Hard on the heels of the ecstatically received London revival of Michael Frayn’s Noises Off (currently playing at the Novello Theatre) comes this hilarious novel. It’s not easy to pull off farce on the printed page when so many of the laughs of the genre generally depend upon physical comedy. In Noises Off, for example, one character hops about the stage like a demented kangaroo, his shoelaces tied together. But just as a filthy joke is made funnier when told by an apparently po-faced academic, so a really silly plot is enlivened when composed by a highly clever author.
Frayn is that man. In the hands of someone less accomplished, the events in Skios would be too improbable, its characterisation too thin, its reliance on that old trope, mistaken identity, just too plain daft. As it is, you can sit back and let the book lap over you like the warm waters surrounding the imaginary Greek isle of the title.

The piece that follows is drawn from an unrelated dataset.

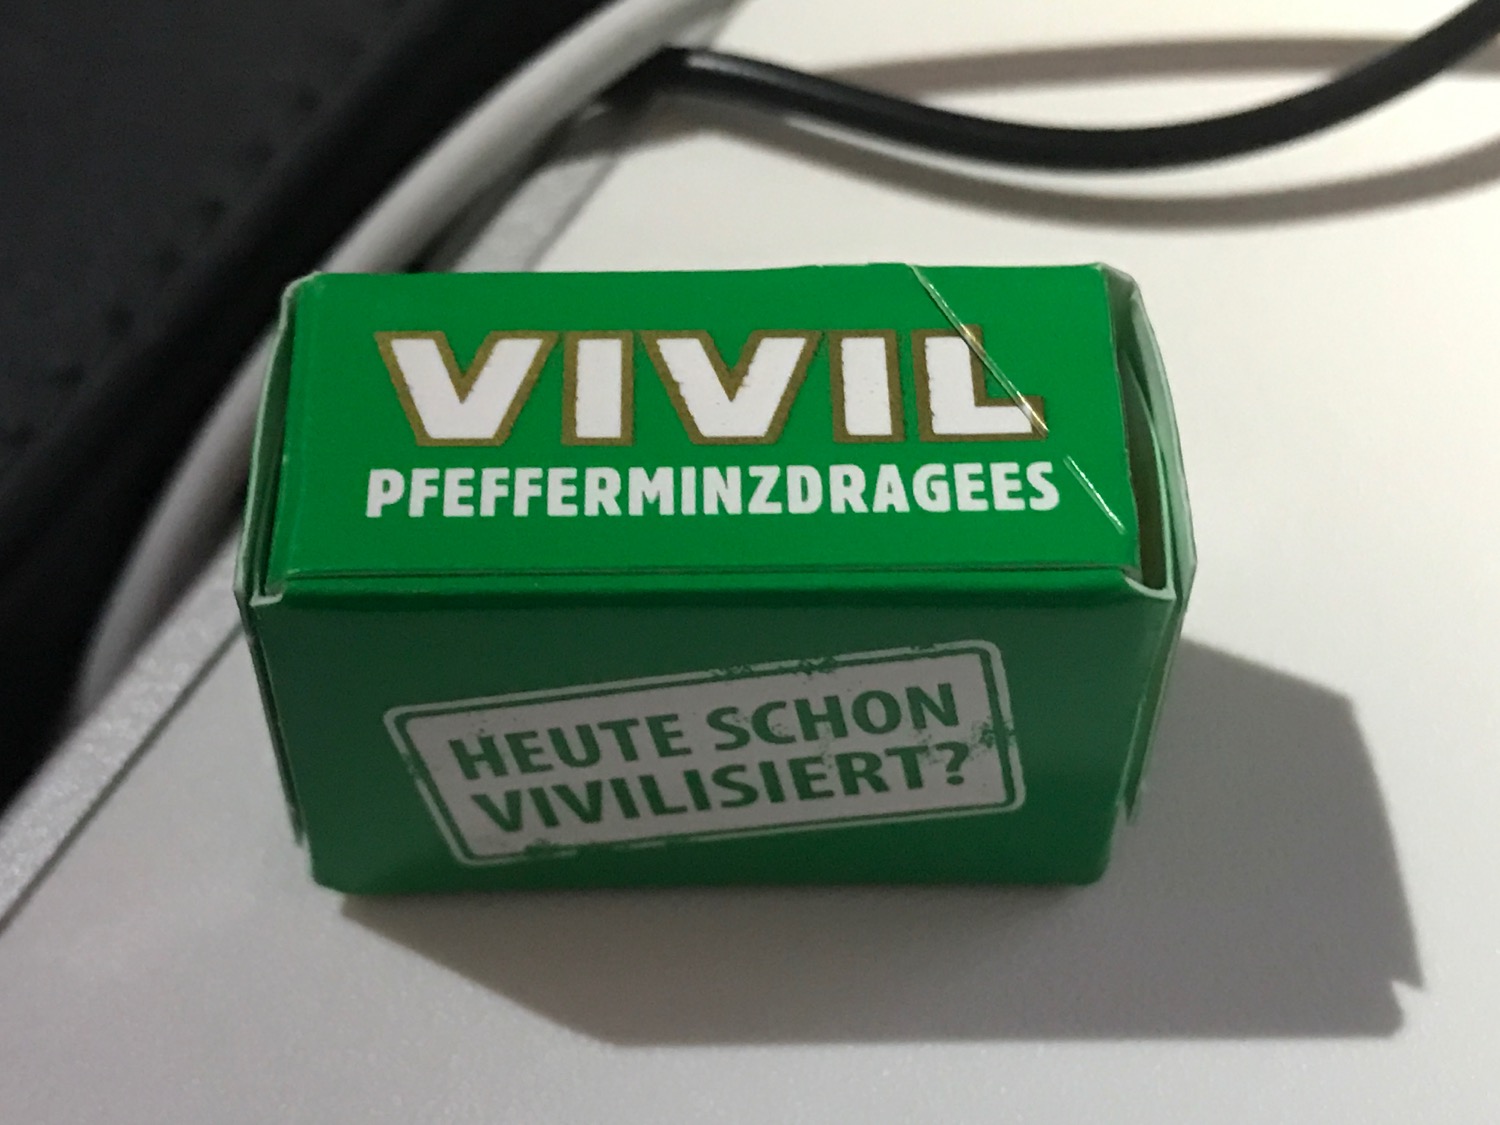 a green box with white text on it

This is perfect holiday reading, funny and light. The novel’s only flaw is that the story takes a few chapters to get going. Indeed, I began to wonder if we’d ever get out of the airport. But of course the whole point of farce is that everything which possibly could go wrong must go wrong. And things can’t go wrong convincingly unless we first establish what should have been happening had everything gone to plan. Setting up the house of cards takes time and patience, while watching it tumble is quick
work.
A woman who runs what amounts to a luxury cultural holiday camp on the island goes to collect her keynote speaker from his plane. The keynote speaker, pompous and very probably a bit of a bore, lands and goes to the luggage carousel.